Gratitude. It's the word that's defined my life the most these last few months, as I've journeyed from New York to the playa to the playa of life that never ends, from west coast to lord knows where I'll end up next. I'm grateful for each and every one who's been part of this journey, from those I've met on the road to those who've supported me from beyond at my place of origin to my final destination, wherever that may be.

I've been humbled by the extent to which humans can come through for one another in an outpouring of love and benevolence; the efforts expended by people everywhere for the food we eat, the water we drink and the air we breathe, gifts of the gracious and everlasting spirit that pervades our universe, and the divine orchestrations of our reality that's shown me that we are never alone, we are always taken care of, and we as a planet will always be one, undivided and united in essence.

In the Torah of our time, the weekly portion of "VaYishlach", we learn of Jacob's prayer as he travels. He articulates how he feels small, insignificant, humbled, in relation to the bounty he's received from God. Though it may sound that way, self negation isn't the key to gratitude, Jacob teaches us - our gratitude comes from remembering that what we are receiving is merely a drop in the bucket in relation to the divine goodness that's out there for all of us, if only we tap in. If we adjust our expectations - forget the gold plated toilets and breathe the fresh air instead - and widen our eyes, we can be grateful for everything - for who are we but recipients, what are we but divine emanations of beauty and love and mercy?

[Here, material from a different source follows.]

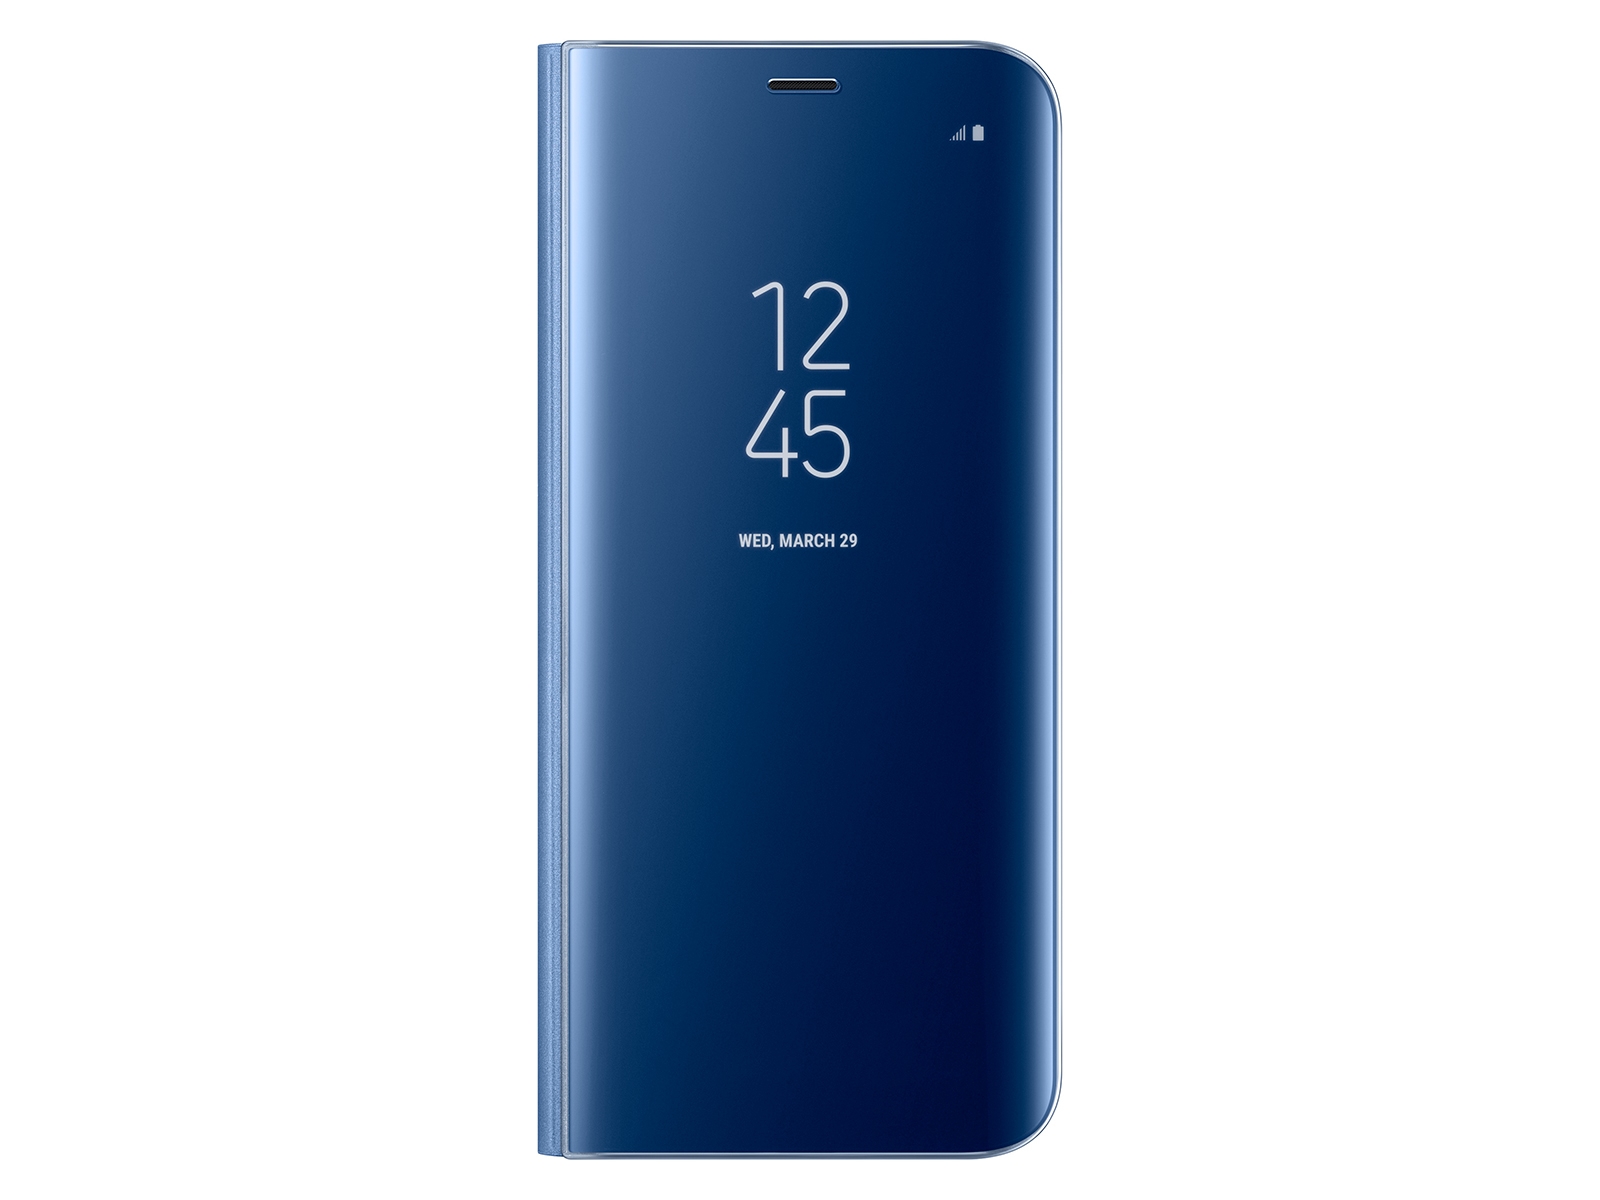 Thumbnail image of Galaxy S8 S-View Flip Cover, Blue

Commemorating a historical event that doesn't sit well in our collective national consciousness is tough, and reconciling the cognitive dissonance with Instagrams of pumpkin pie doesn't quite work either. So I'd like to offer a wish and a prayer that we can reconcile the horrors of our past by working to a better future; acknowledging the great benevolence of others toward the hungry and poor throughout times past; and bring down the original harvest celebration of abundance celebrated for timeless years past around the globe, not just in America.

To a future where no one goes hungry and everyone has the facilities to give, receive, and express thanks for everything in between.